> _What you are asked to do_
Every line below is to be copied exactly, with the pictures left out.
Supplied information below:
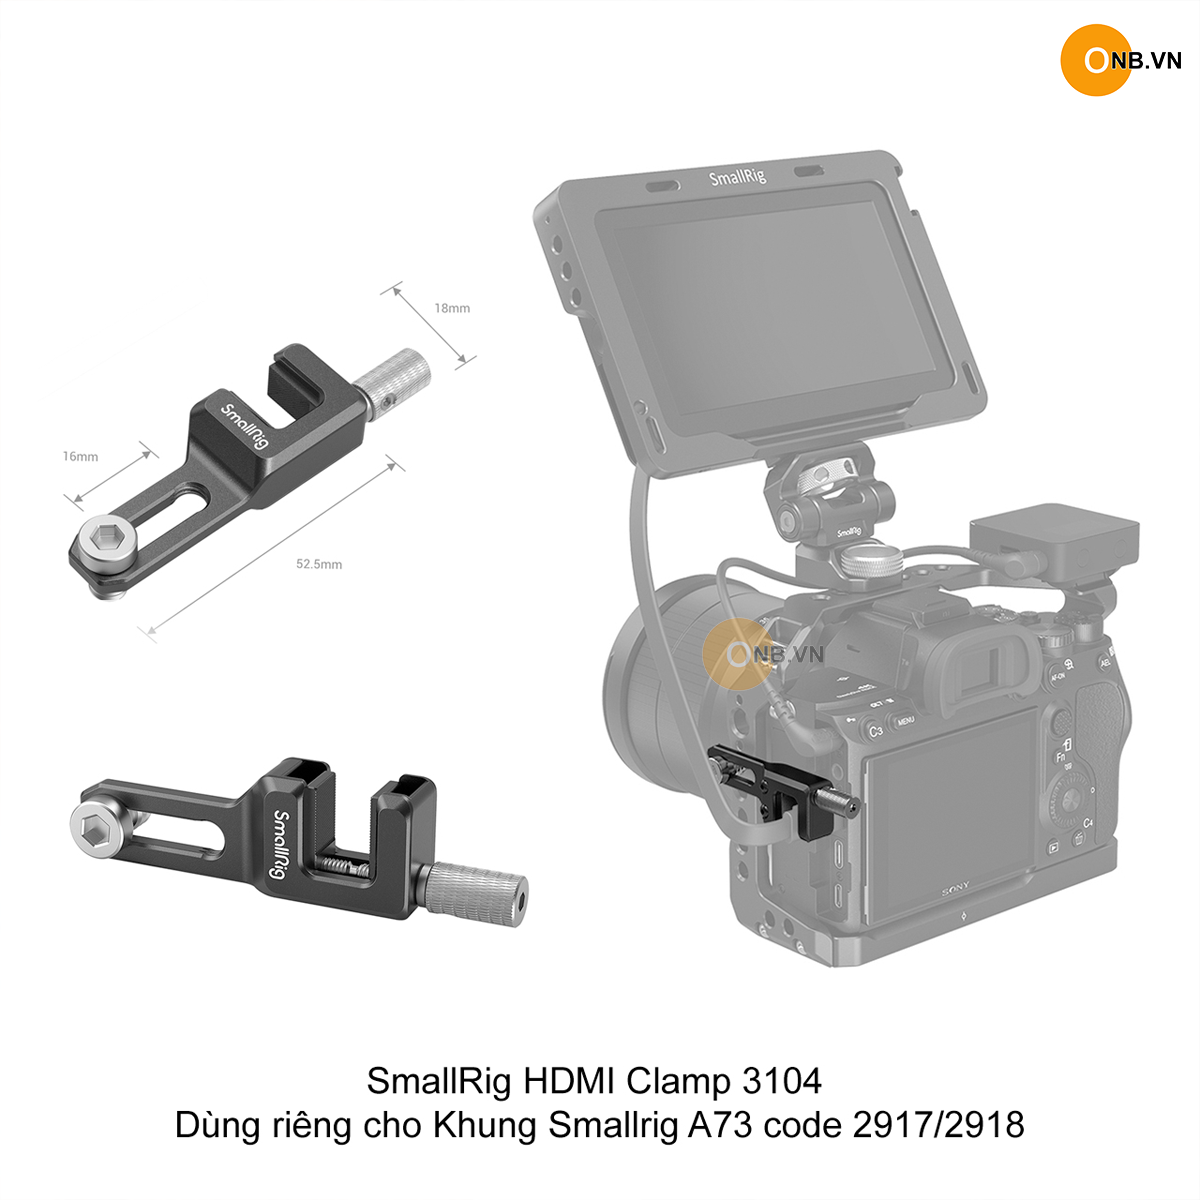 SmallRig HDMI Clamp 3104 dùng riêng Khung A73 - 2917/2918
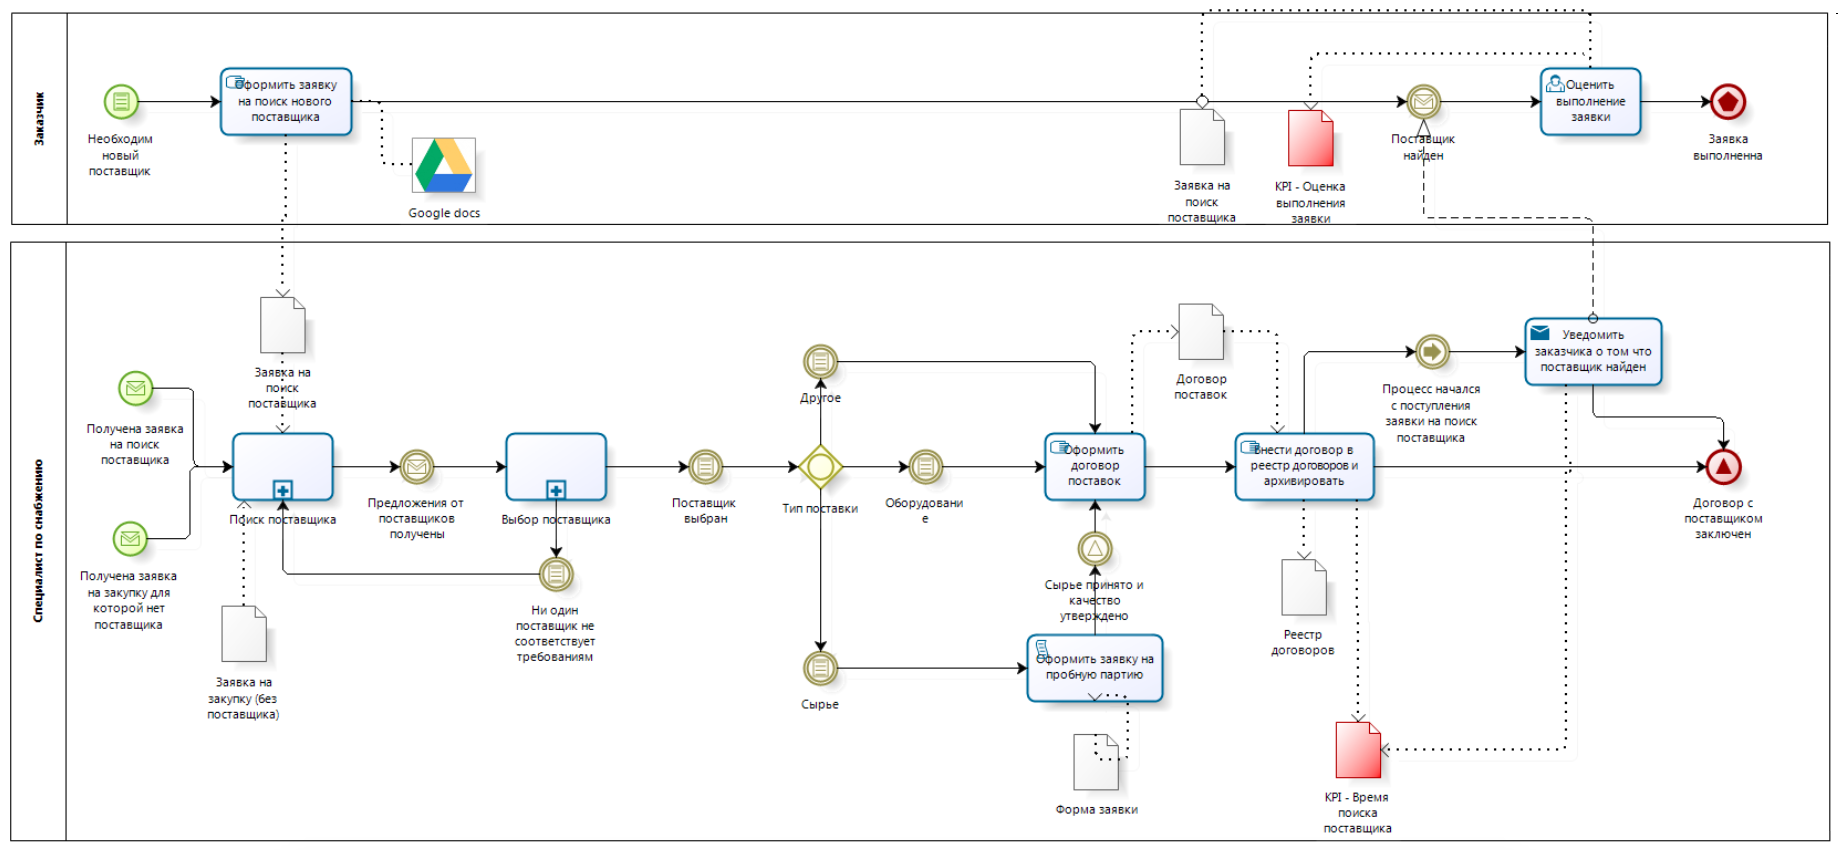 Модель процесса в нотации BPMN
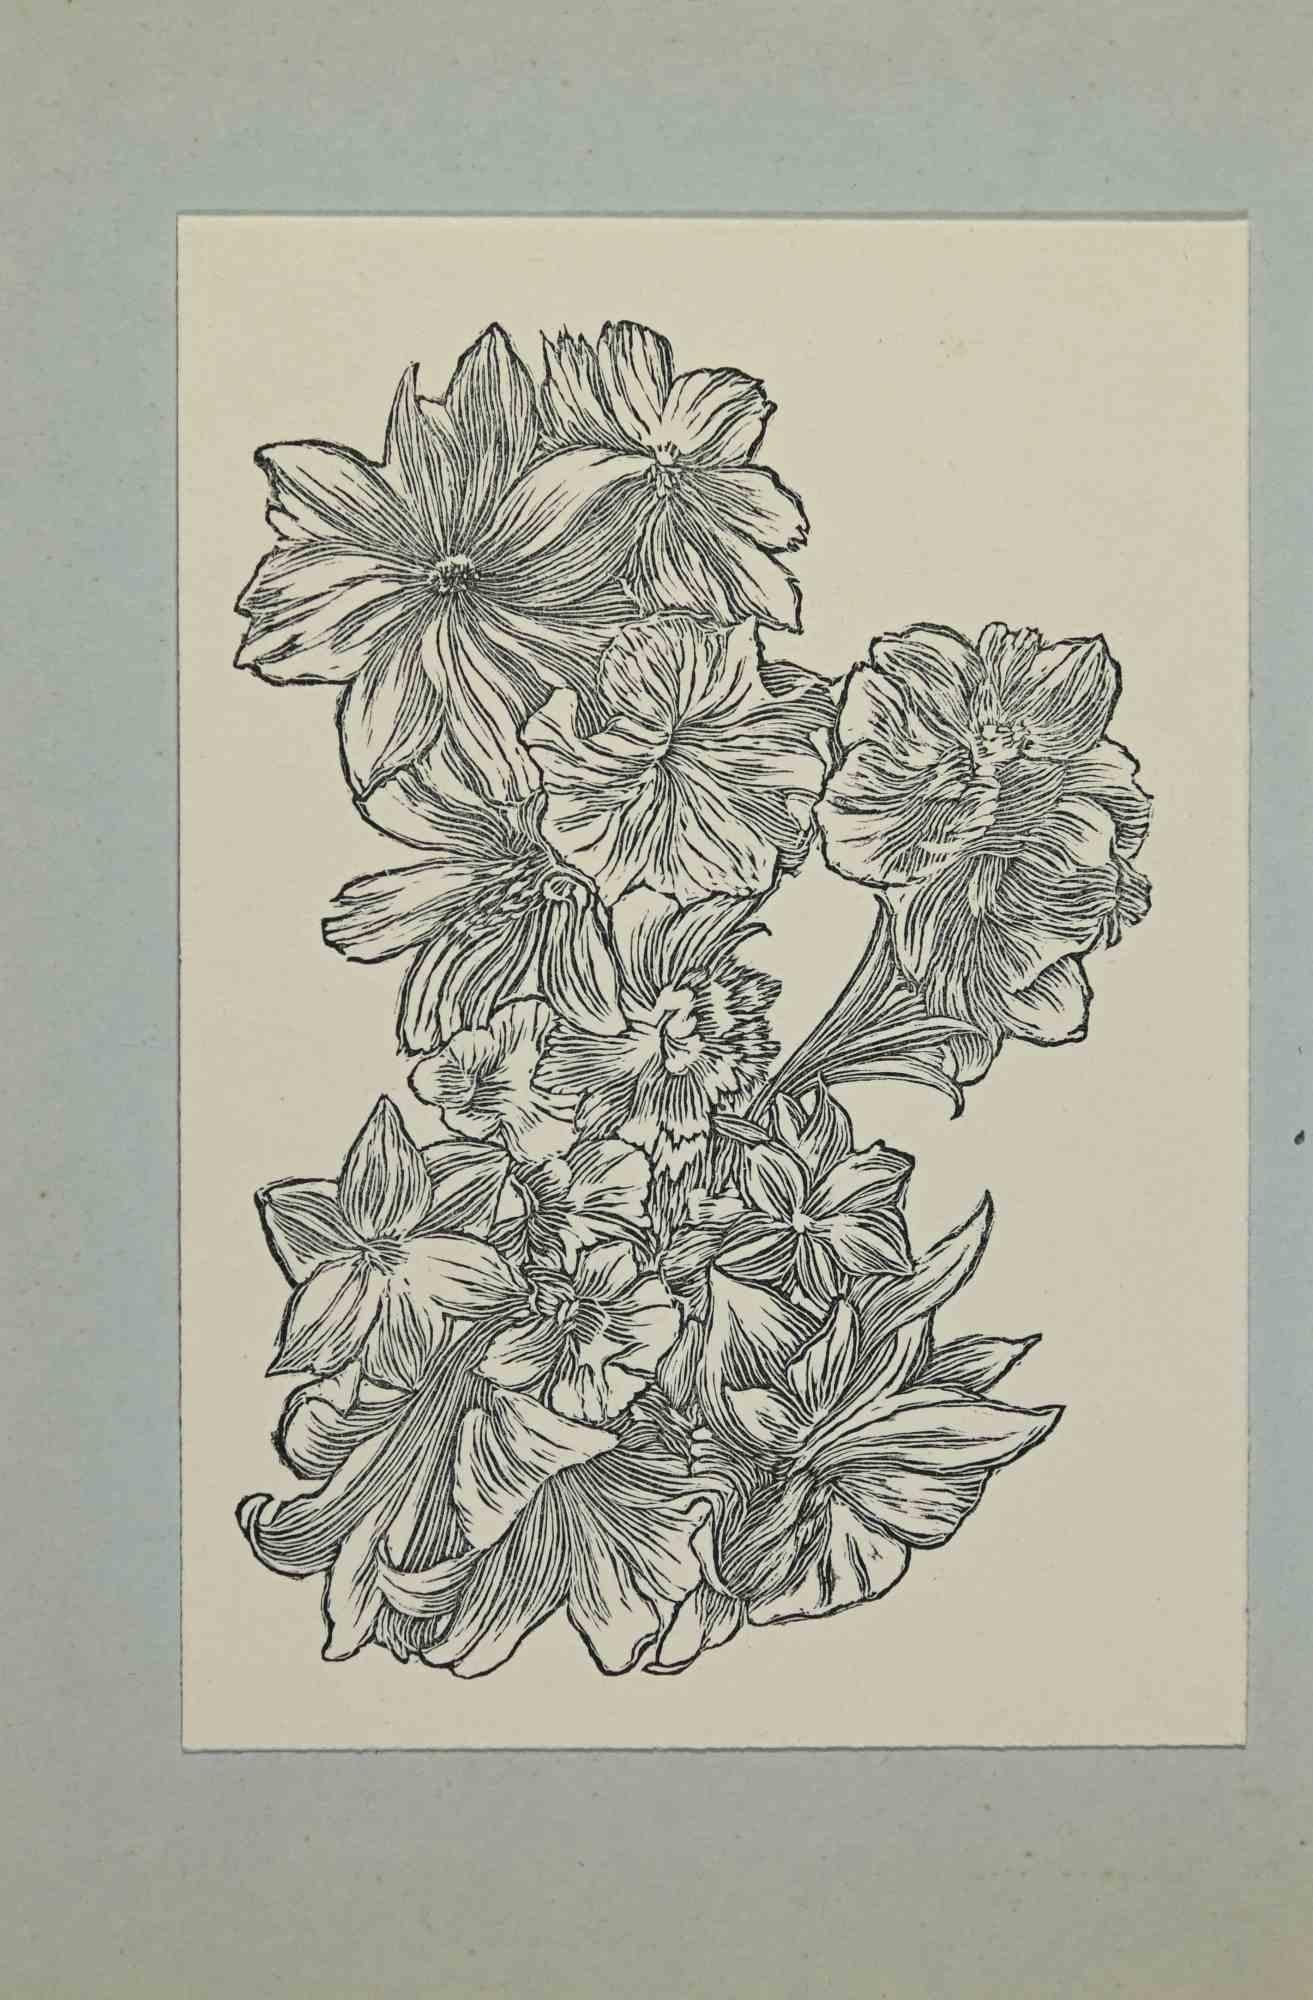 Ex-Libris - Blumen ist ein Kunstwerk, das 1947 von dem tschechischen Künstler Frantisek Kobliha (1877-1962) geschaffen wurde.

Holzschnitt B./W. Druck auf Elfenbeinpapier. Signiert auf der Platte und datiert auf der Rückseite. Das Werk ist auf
End of Supplied information.
> _Solution to this task_
 SmallRig HDMI Clamp 3104 dùng riêng Khung A73 - 2917/2918
 Модель процесса в нотации BPMN
 Ex-Libris - Blumen ist ein Kunstwerk, das 1947 von dem tschechischen Künstler Frantisek Kobliha (1877-1962) geschaffen wurde.

Holzschnitt B./W. Druck auf Elfenbeinpapier. Signiert auf der Platte und datiert auf der Rückseite. Das Werk ist auf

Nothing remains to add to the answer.